Archive for December, 2009

Programming Praxis – A Statisticle Speling Korrecter

December 29, 2009

In today’s Programming Praxis exercise, we have to implement Peter Norvig’s spelling corrector. Let’s get started, shall we?

First, we’re going to need a bunch of imports.

import Data.Char
import Data.List
import qualified Data.List.Key as K
import qualified Data.Map as M
import qualified Data.Set as S
import qualified Data.Text as T

The first step is to create our dictionary of valid words. I’m using the Data.Text functions instead of the Prelude ones here for performance reasons, as the text file is fairly big at 6.2 MB.

nwords :: IO (M.Map String Int)
nwords = fmap (M.fromListWith (+) . map (flip (,) 1 . T.unpack) .
               T.splitBy (not . isLetter) . T.toLower . T.pack) $
         readFile "big.txt"

Creating all the words at edit distance 1 is fairly simple with some list comprehensions. The reason for using the Data.Set functions here is that nub from Data.List is horribly slow on large lists.

edits :: String -> [String]
edits word = S.elems . S.fromList $ dels ++ trans ++ repls ++ ins
    where s     = zip (inits word) (tails word)
          dels  = [a ++ b     | (a, _:b)   <- s]
          trans = [a ++ c:b:d | (a, b:c:d) <- s]
          repls = [a ++ c:b   | (a, _:b)   <- s, c <- ['a'..'z']]
          ins   = [a ++ c:b   | (a, b)     <- s, c <- ['a'..'z']]

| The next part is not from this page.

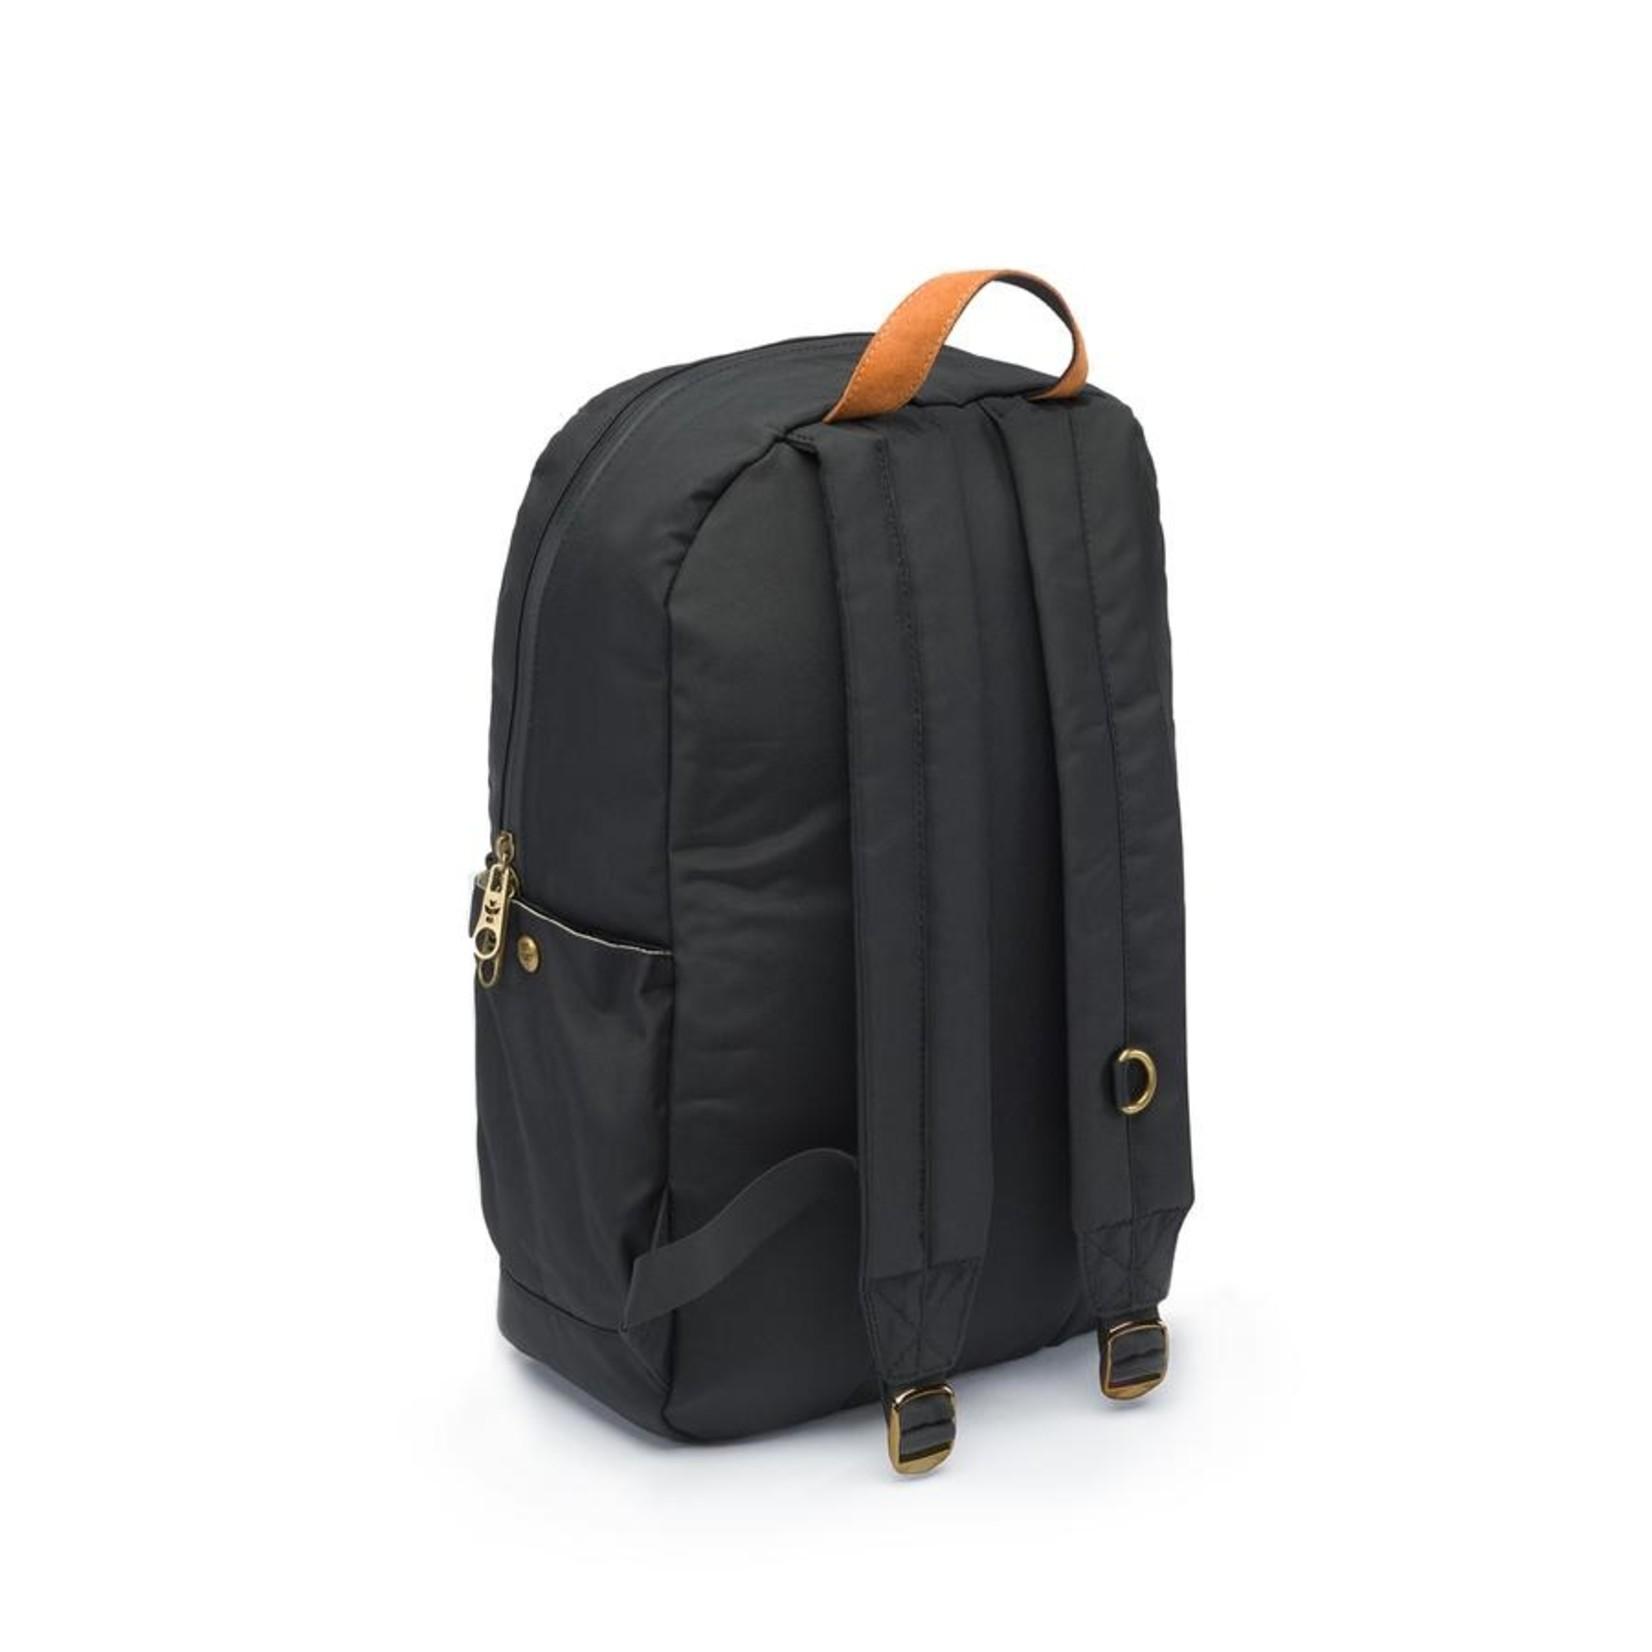 REVELRY THE ESCORT BAG

The python version has separate functions for the words at edit distance 1 and 2, but thanks to lazy evaluation we can just write a one-size-fits all function.

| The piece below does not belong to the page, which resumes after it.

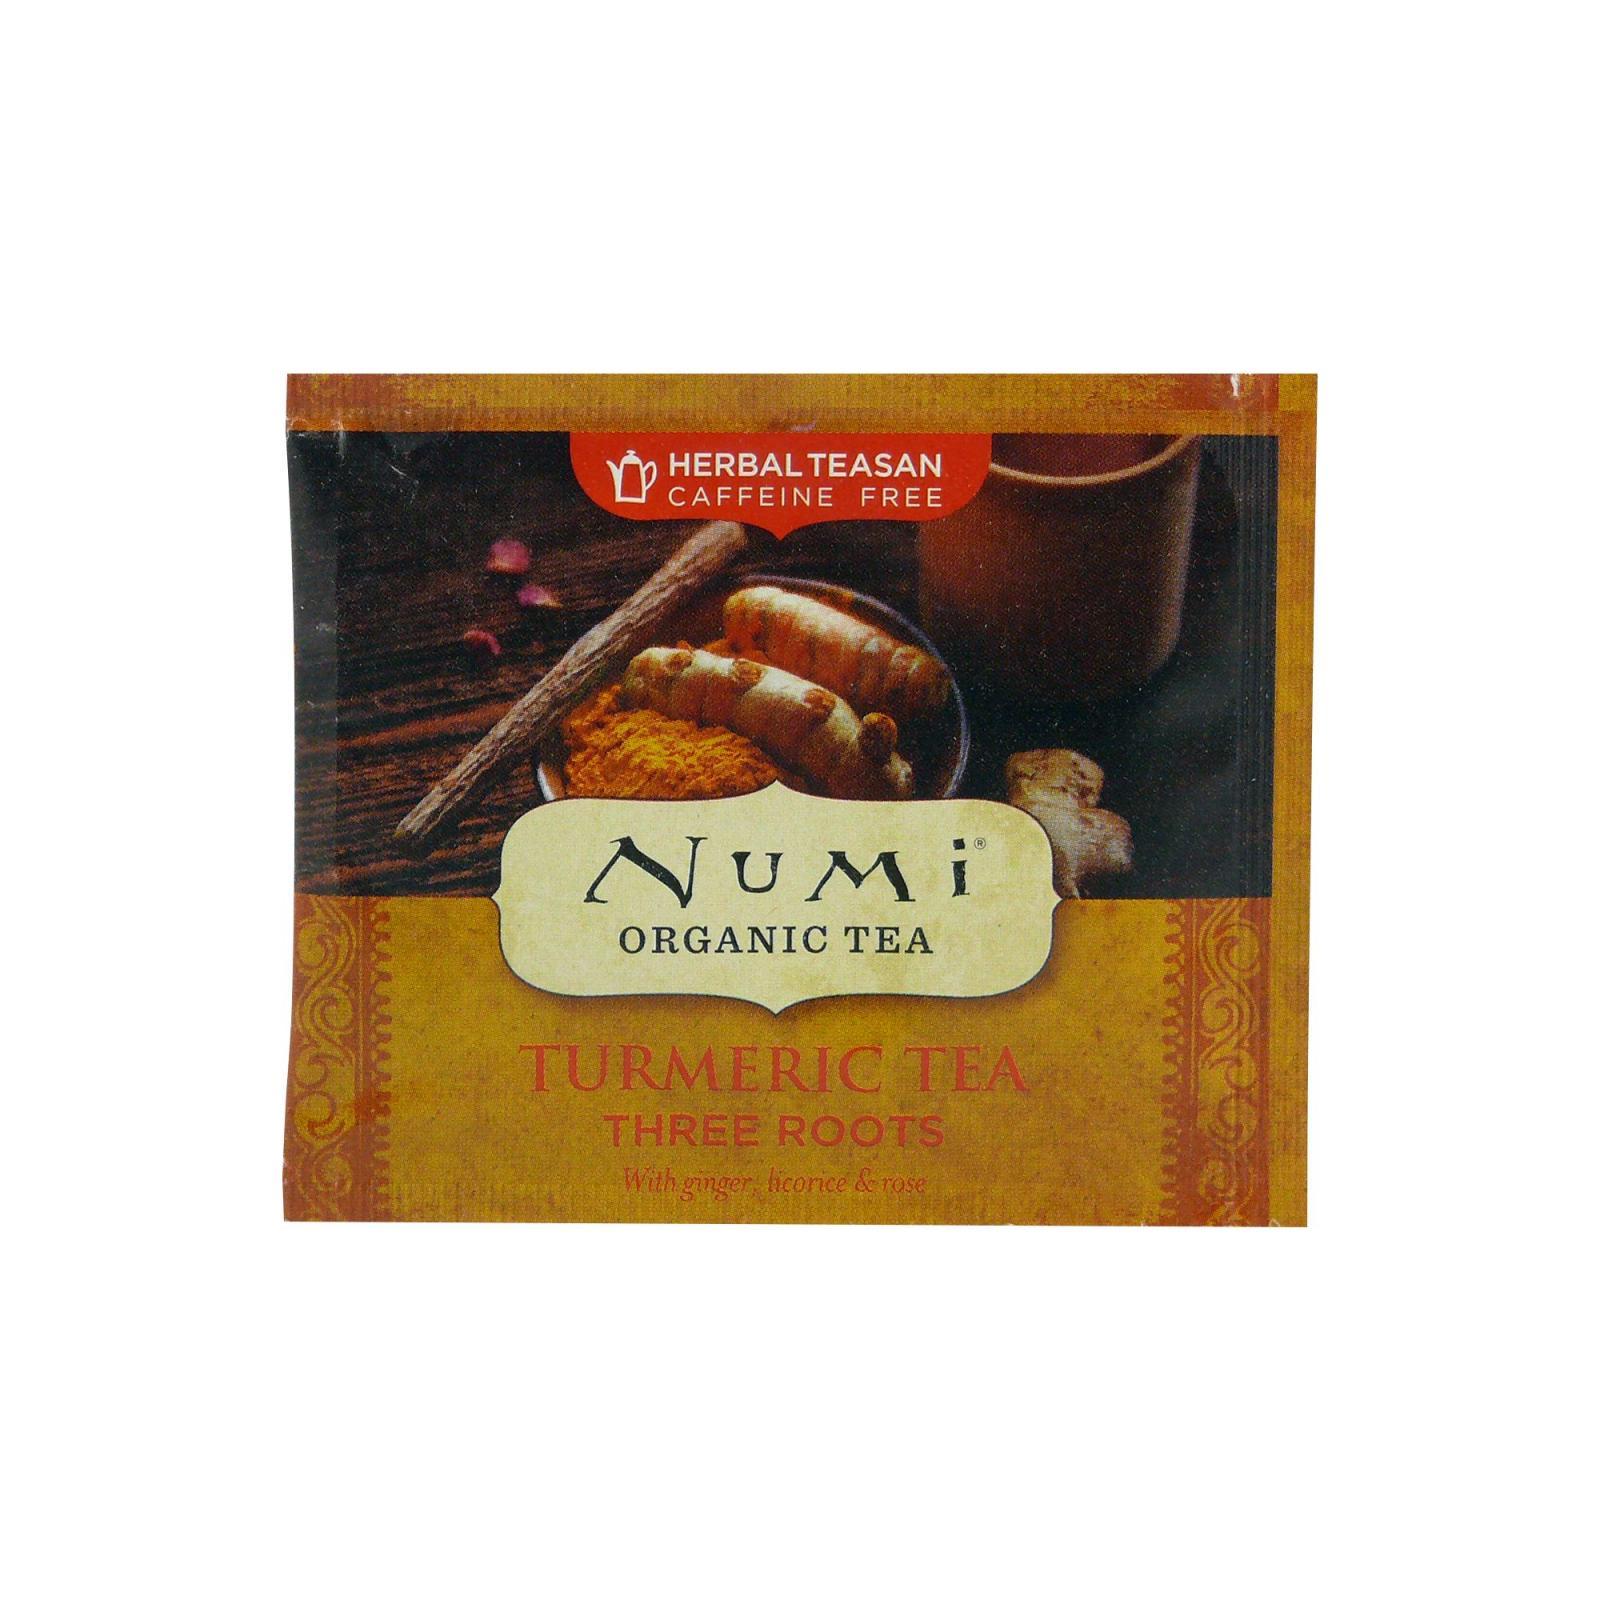 Numi Organic Tea Kořeněný čaj Three Roots, Turmeric Tea 3,35 g, 1 ks

known_edits :: M.Map String a -> String -> Int -> [String]
known_edits dict word n = filter (`M.member` dict) $
    iterate (edits =<<) [word] !! n

Correcting a word is then simply a matter of generating the alternatives and finding the most common one.

correct :: M.Map String Int -> String -> String
correct dict word = maybe word (K.maximum (`M.lookup` dict)) .
    find (not . null) $ map (known_edits dict word) [0..2]

Let’s see if everything went correctly:

main :: IO ()
main = do dict <- nwords
          print $ correct dict "speling"
          print $ correct dict "korrecter"

Yup. One spelling korrector… uhh… corrector, all done.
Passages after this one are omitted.